EXERCISE OBJECTIVE. Copy every entry below verbatim, except for images.

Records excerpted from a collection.
+ + +

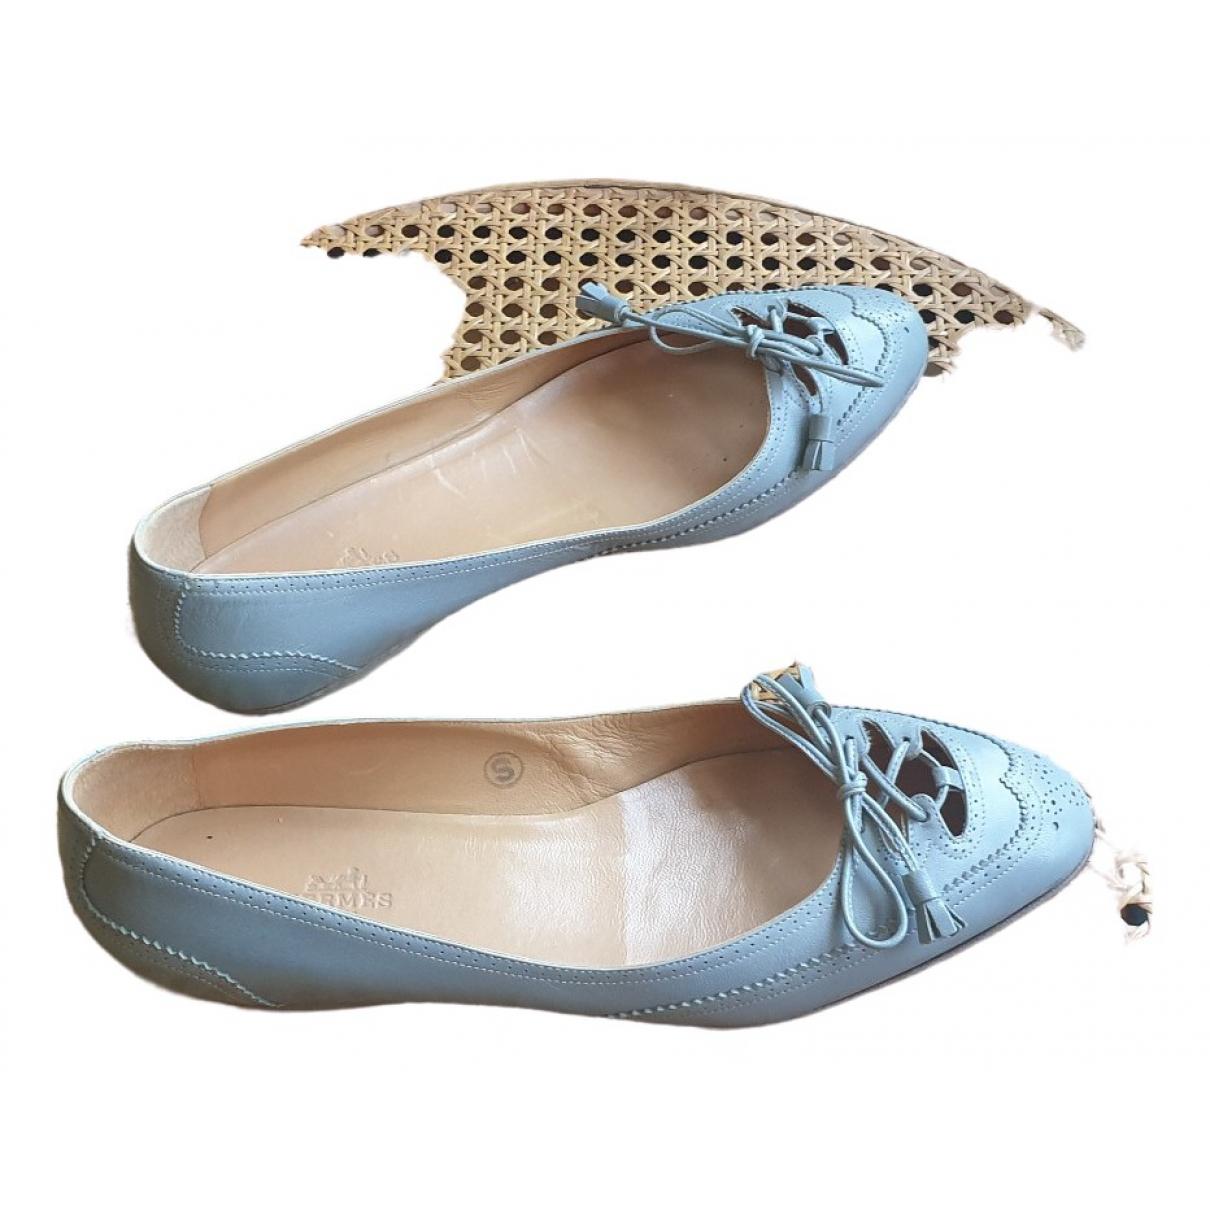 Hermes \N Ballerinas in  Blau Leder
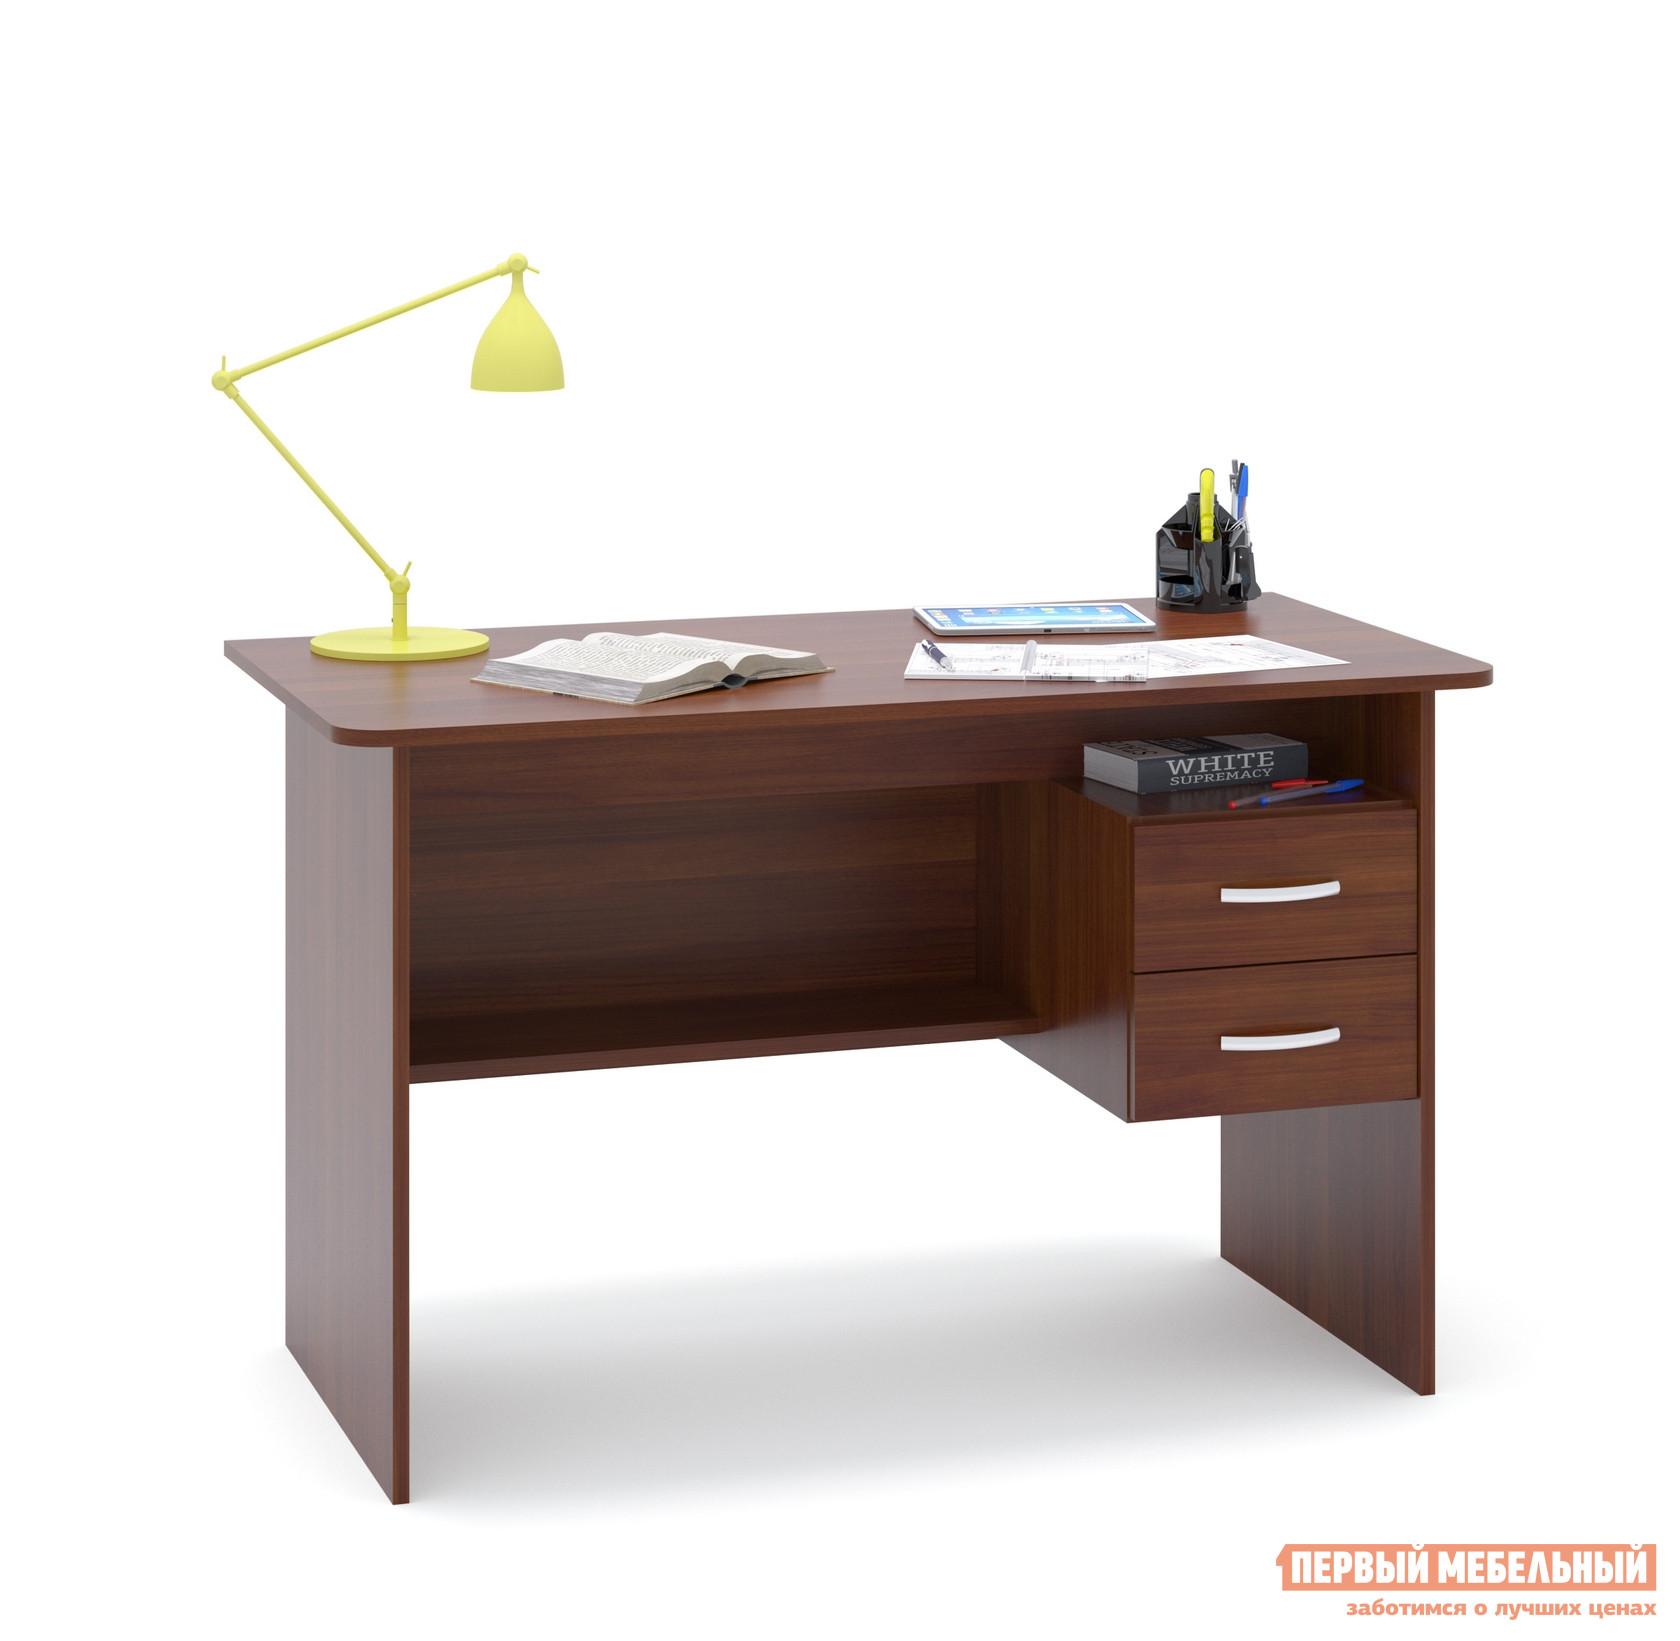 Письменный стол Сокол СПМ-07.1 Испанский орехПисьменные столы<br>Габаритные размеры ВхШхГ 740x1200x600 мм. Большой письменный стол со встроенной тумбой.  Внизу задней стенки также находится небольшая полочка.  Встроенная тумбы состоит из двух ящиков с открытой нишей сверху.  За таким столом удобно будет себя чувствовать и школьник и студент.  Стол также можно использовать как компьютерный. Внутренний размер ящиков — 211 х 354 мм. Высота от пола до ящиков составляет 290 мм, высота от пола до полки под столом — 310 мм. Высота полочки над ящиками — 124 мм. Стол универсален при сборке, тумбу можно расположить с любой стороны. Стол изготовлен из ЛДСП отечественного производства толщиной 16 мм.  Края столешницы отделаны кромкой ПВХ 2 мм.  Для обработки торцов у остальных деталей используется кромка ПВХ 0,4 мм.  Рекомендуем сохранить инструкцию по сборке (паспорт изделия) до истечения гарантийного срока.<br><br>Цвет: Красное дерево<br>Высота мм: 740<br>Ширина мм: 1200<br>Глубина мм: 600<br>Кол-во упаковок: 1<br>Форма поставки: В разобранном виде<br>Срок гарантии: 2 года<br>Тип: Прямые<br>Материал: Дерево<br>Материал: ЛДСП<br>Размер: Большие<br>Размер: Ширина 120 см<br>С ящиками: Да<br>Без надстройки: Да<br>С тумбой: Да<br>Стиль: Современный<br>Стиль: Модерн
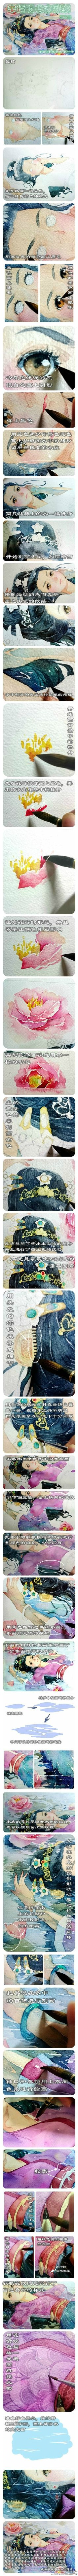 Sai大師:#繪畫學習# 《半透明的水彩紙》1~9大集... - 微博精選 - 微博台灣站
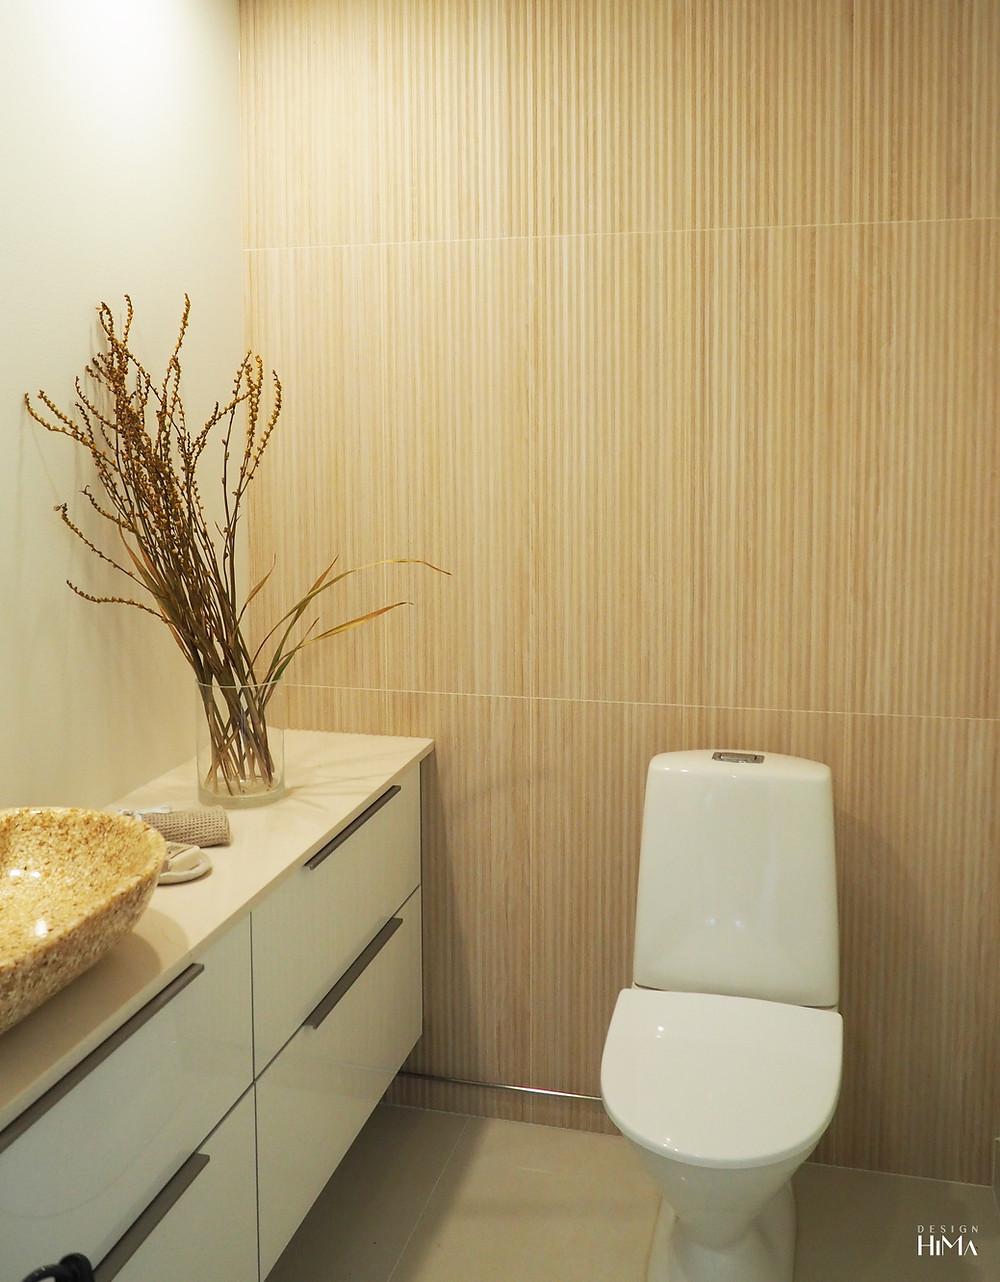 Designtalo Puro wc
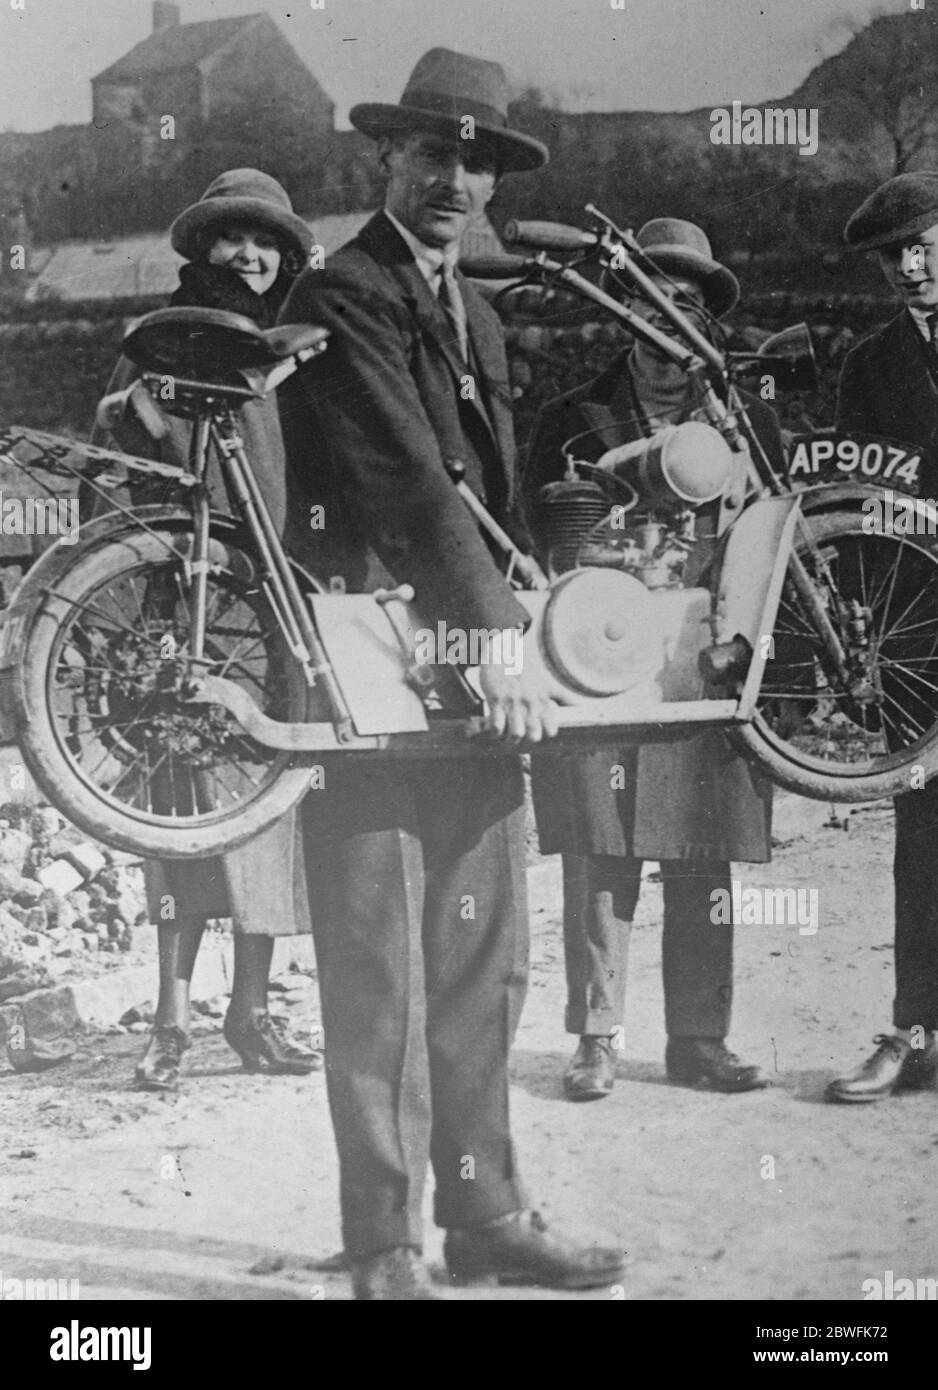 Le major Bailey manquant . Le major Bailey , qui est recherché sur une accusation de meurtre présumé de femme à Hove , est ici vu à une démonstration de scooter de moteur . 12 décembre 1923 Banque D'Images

+ + +

PROBLEM SOLUTION.
 Hermes \N Ballerinas in  Blau Leder
 Письменный стол Сокол СПМ-07.1 Испанский орехПисьменные столы<br>Габаритные размеры ВхШхГ 740x1200x600 мм. Большой письменный стол со встроенной тумбой.  Внизу задней стенки также находится небольшая полочка.  Встроенная тумбы состоит из двух ящиков с открытой нишей сверху.  За таким столом удобно будет себя чувствовать и школьник и студент.  Стол также можно использовать как компьютерный. Внутренний размер ящиков — 211 х 354 мм. Высота от пола до ящиков составляет 290 мм, высота от пола до полки под столом — 310 мм. Высота полочки над ящиками — 124 мм. Стол универсален при сборке, тумбу можно расположить с любой стороны. Стол изготовлен из ЛДСП отечественного производства толщиной 16 мм.  Края столешницы отделаны кромкой ПВХ 2 мм.  Для обработки торцов у остальных деталей используется кромка ПВХ 0,4 мм.  Рекомендуем сохранить инструкцию по сборке (паспорт изделия) до истечения гарантийного срока.<br><br>Цвет: Красное дерево<br>Высота мм: 740<br>Ширина мм: 1200<br>Глубина мм: 600<br>Кол-во упаковок: 1<br>Форма поставки: В разобранном виде<br>Срок гарантии: 2 года<br>Тип: Прямые<br>Материал: Дерево<br>Материал: ЛДСП<br>Размер: Большие<br>Размер: Ширина 120 см<br>С ящиками: Да<br>Без надстройки: Да<br>С тумбой: Да<br>Стиль: Современный<br>Стиль: Модерн
 Sai大師:#繪畫學習# 《半透明的水彩紙》1~9大集... - 微博精選 - 微博台灣站
 Designtalo Puro wc
 Le major Bailey manquant . Le major Bailey , qui est recherché sur une accusation de meurtre présumé de femme à Hove , est ici vu à une démonstration de scooter de moteur . 12 décembre 1923 Banque D'Images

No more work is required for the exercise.